**About this exercise**:
Transcribe the data exactly, omitting whatever pictures it holds.

**Input data**:
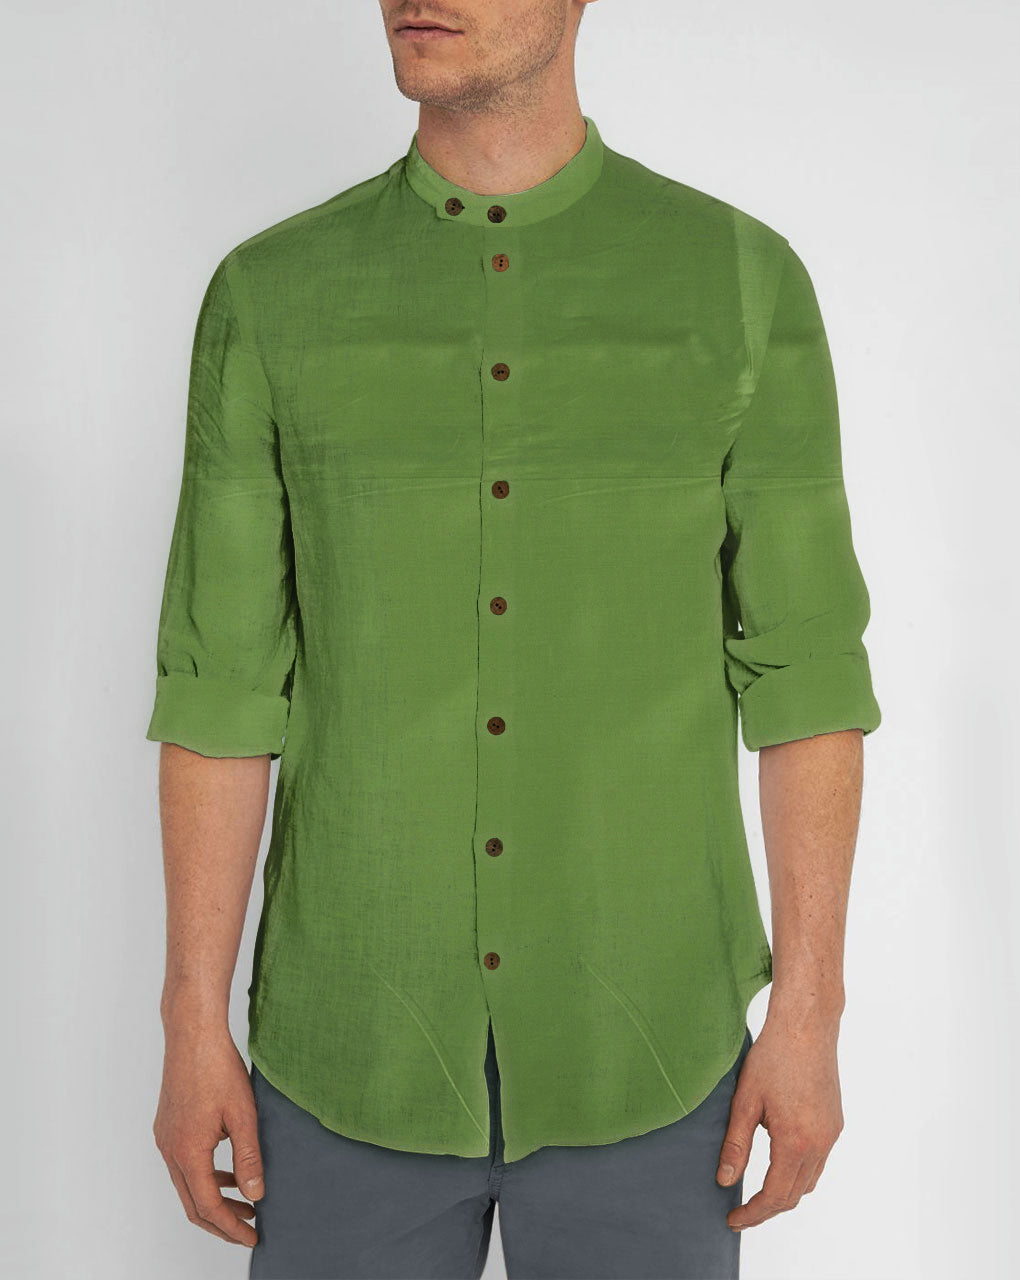 Green Plain Glazed Cotton Fabric - Fabriclore.com
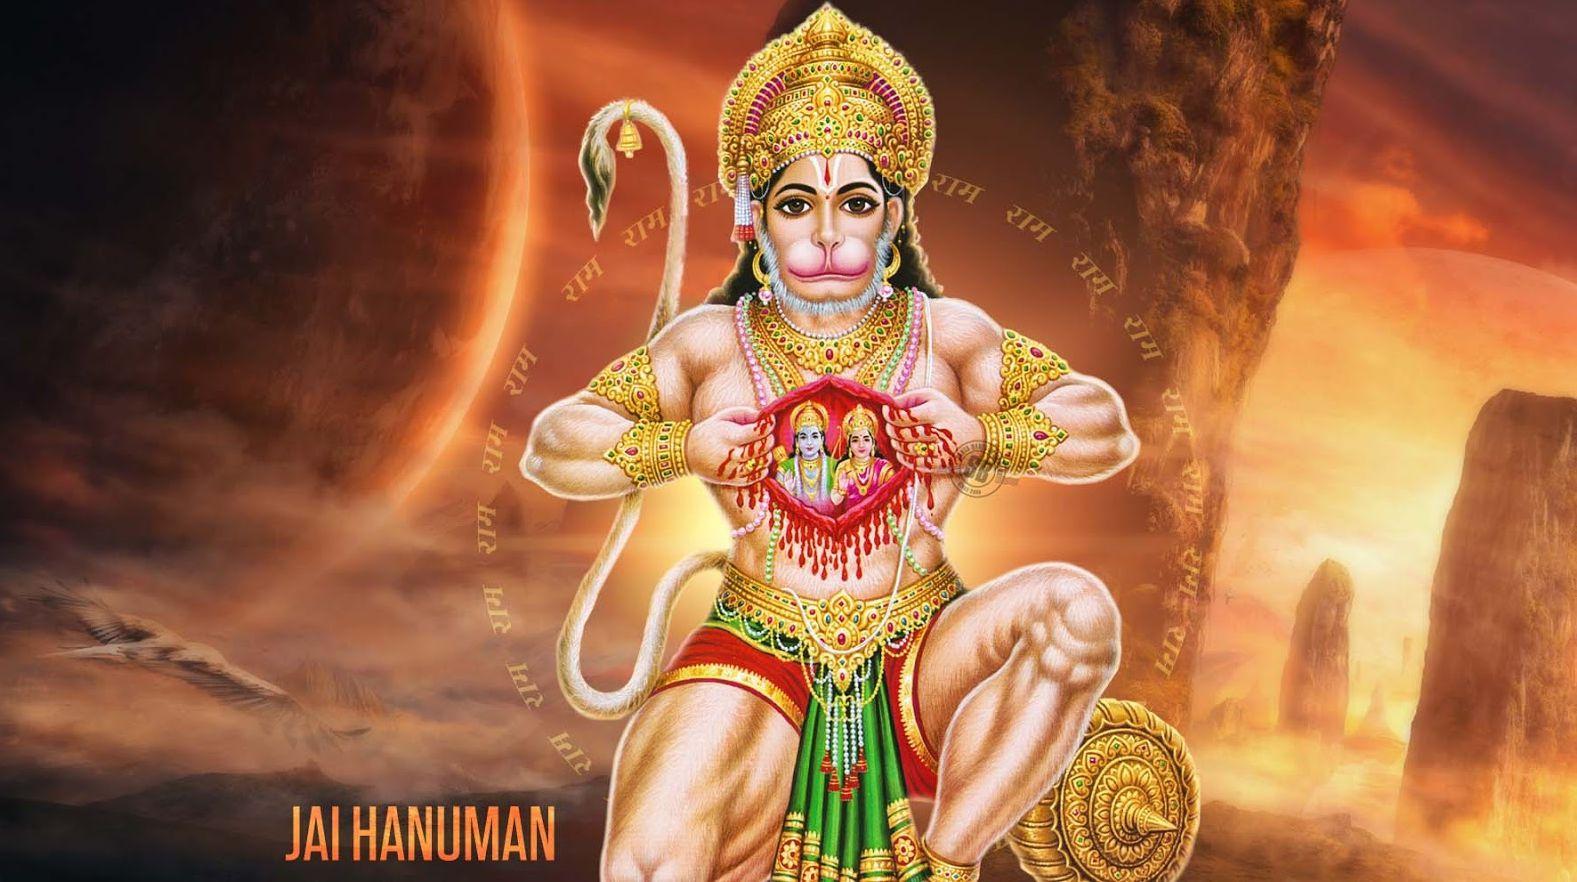 Download Free HD Wallpaper of Bhagwan Shree Hanuman. Bajrangbali
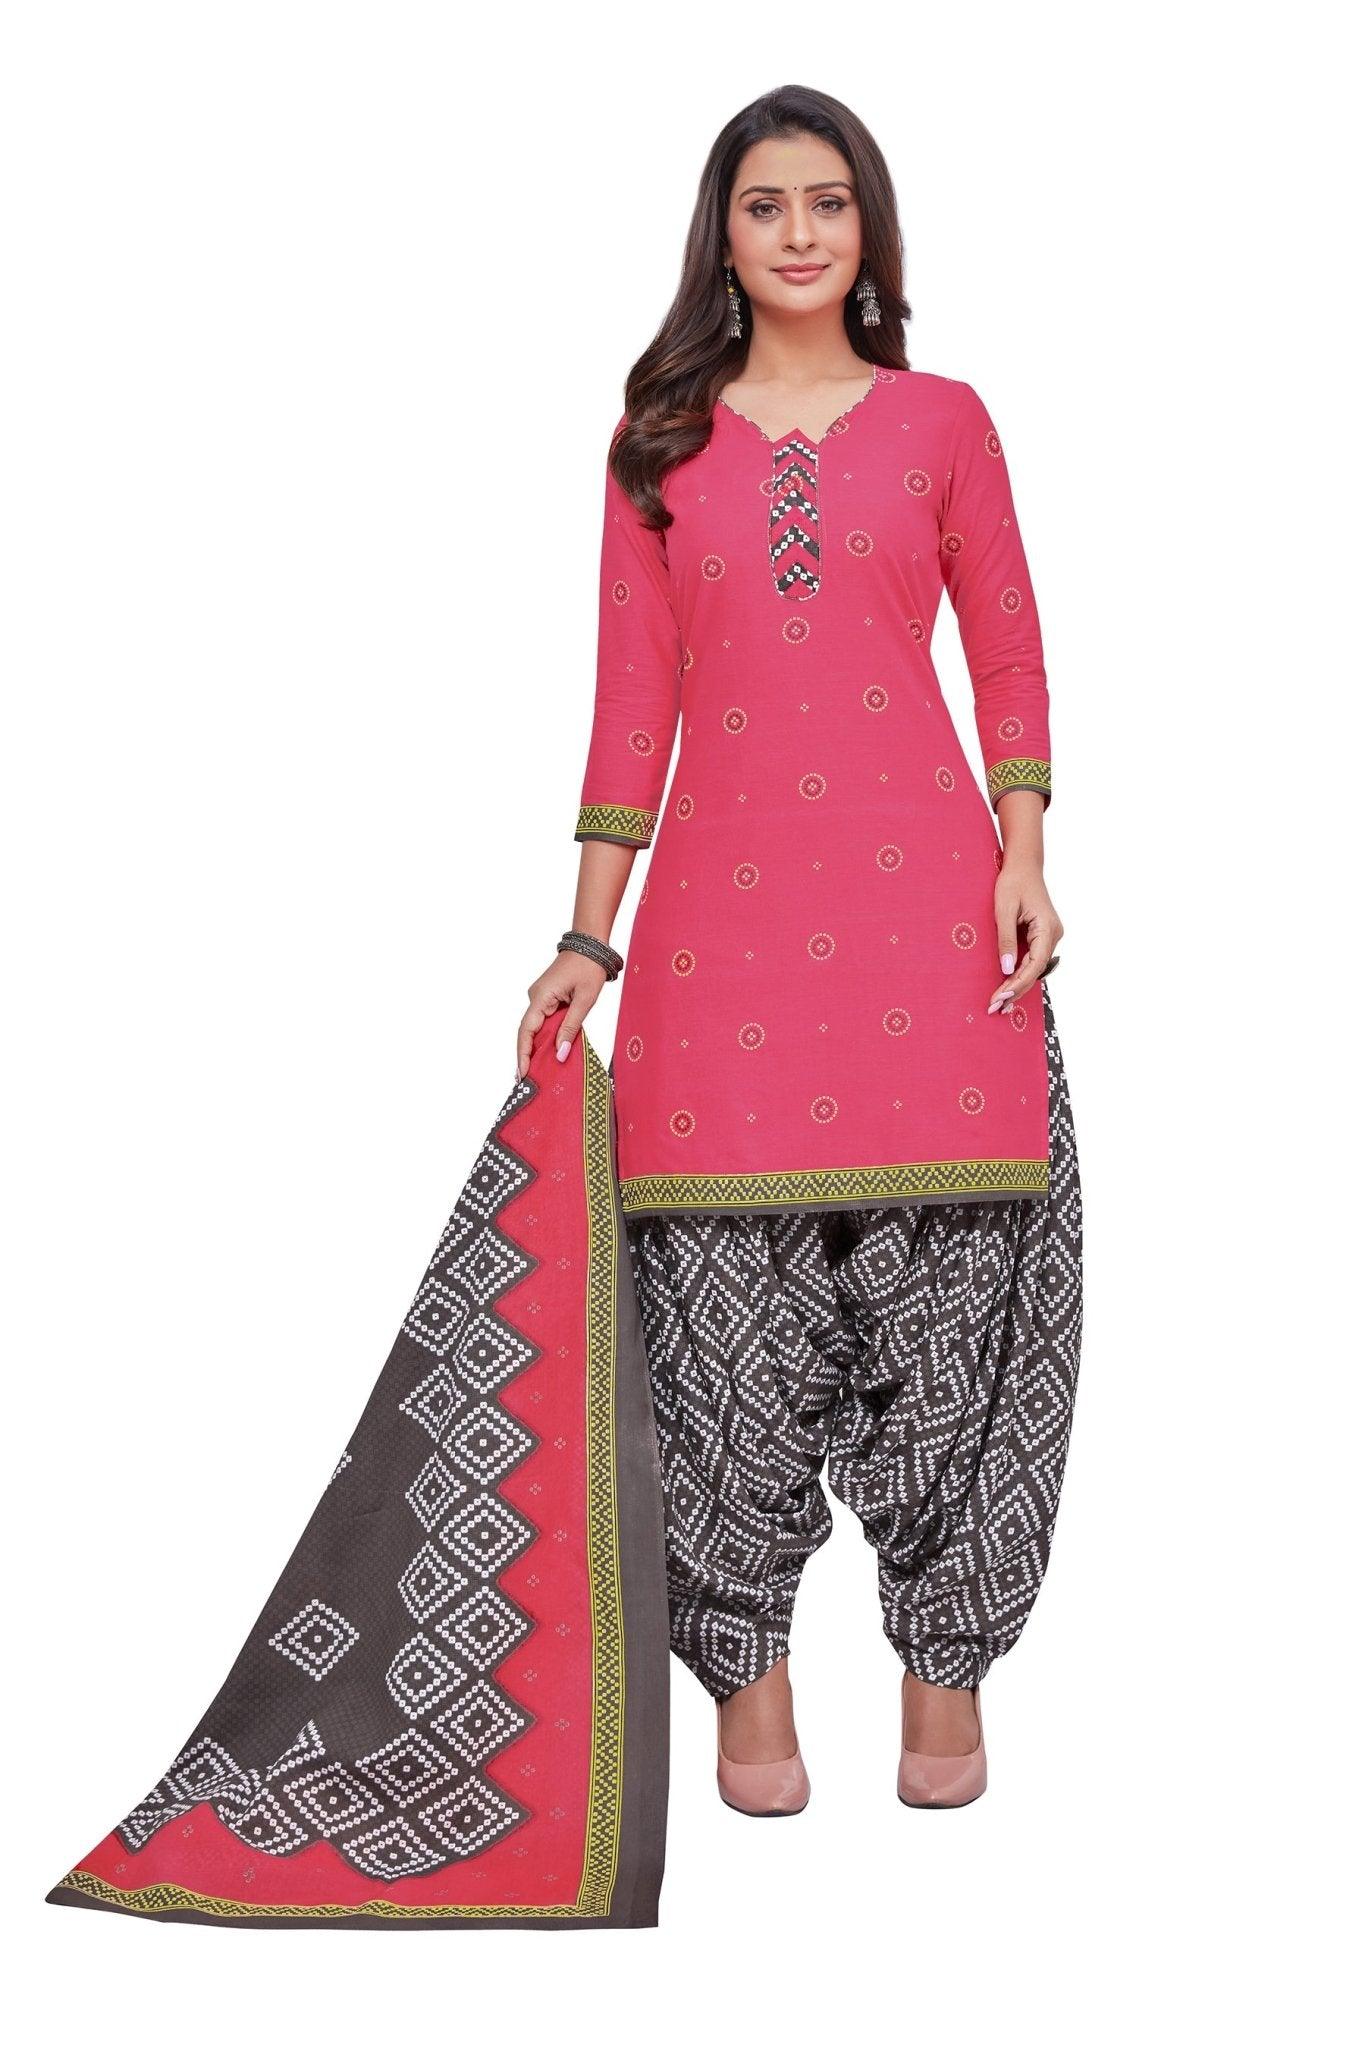 Cranberry Pink Top with Dark Grey Bottom and Dupatta. Premium Cotton Patiyala Dress. - Bavis Clothing
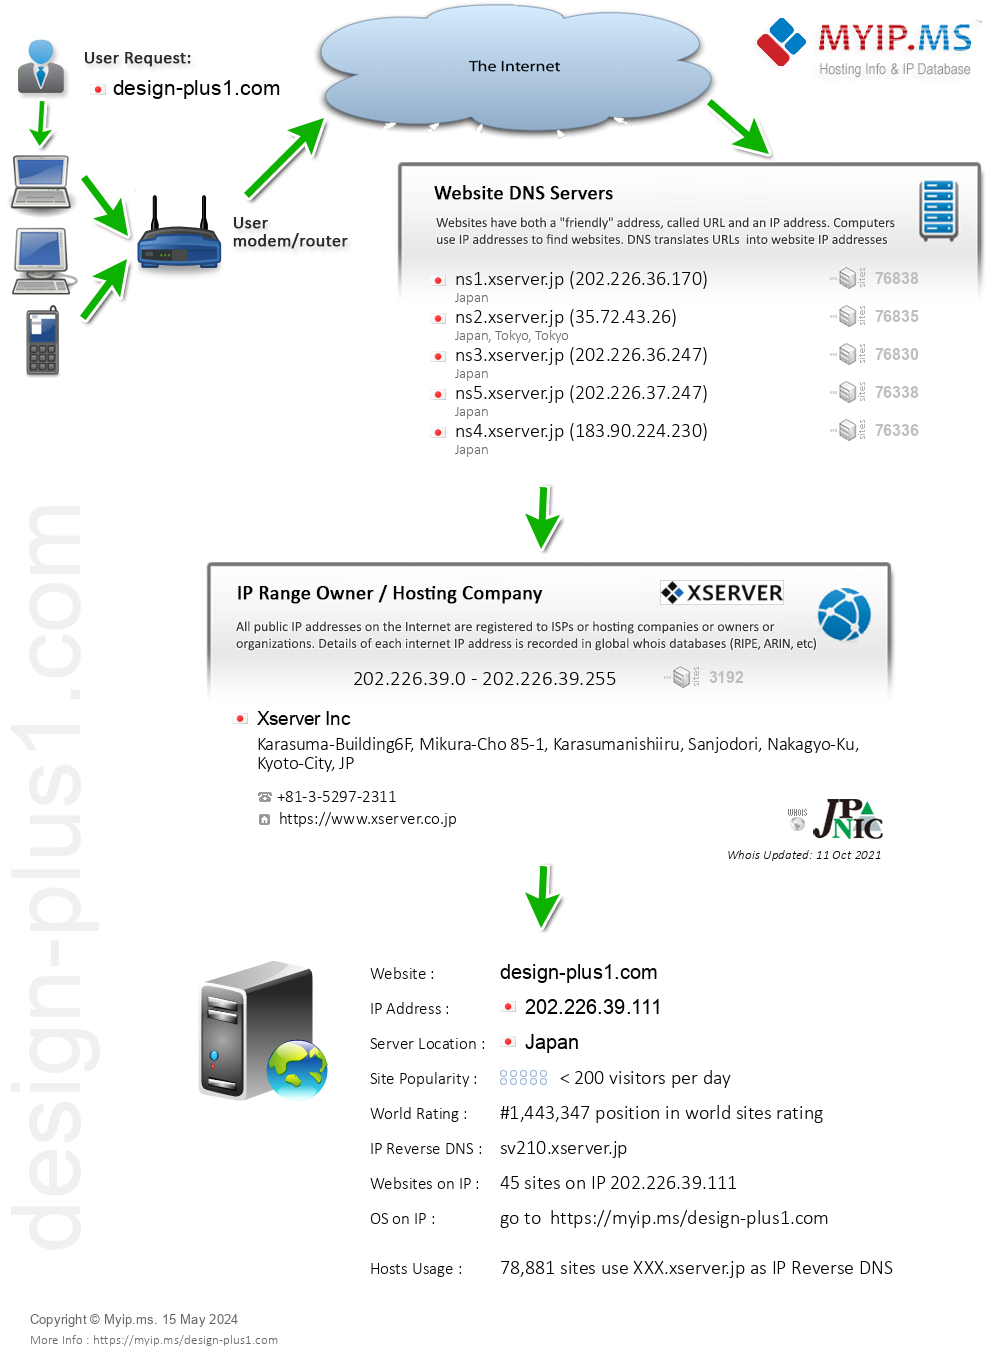 Design-plus1.com - Website Hosting Visual IP Diagram

**Exercise answer**:
 Green Plain Glazed Cotton Fabric - Fabriclore.com
 Download Free HD Wallpaper of Bhagwan Shree Hanuman. Bajrangbali
 Cranberry Pink Top with Dark Grey Bottom and Dupatta. Premium Cotton Patiyala Dress. - Bavis Clothing
 Design-plus1.com - Website Hosting Visual IP Diagram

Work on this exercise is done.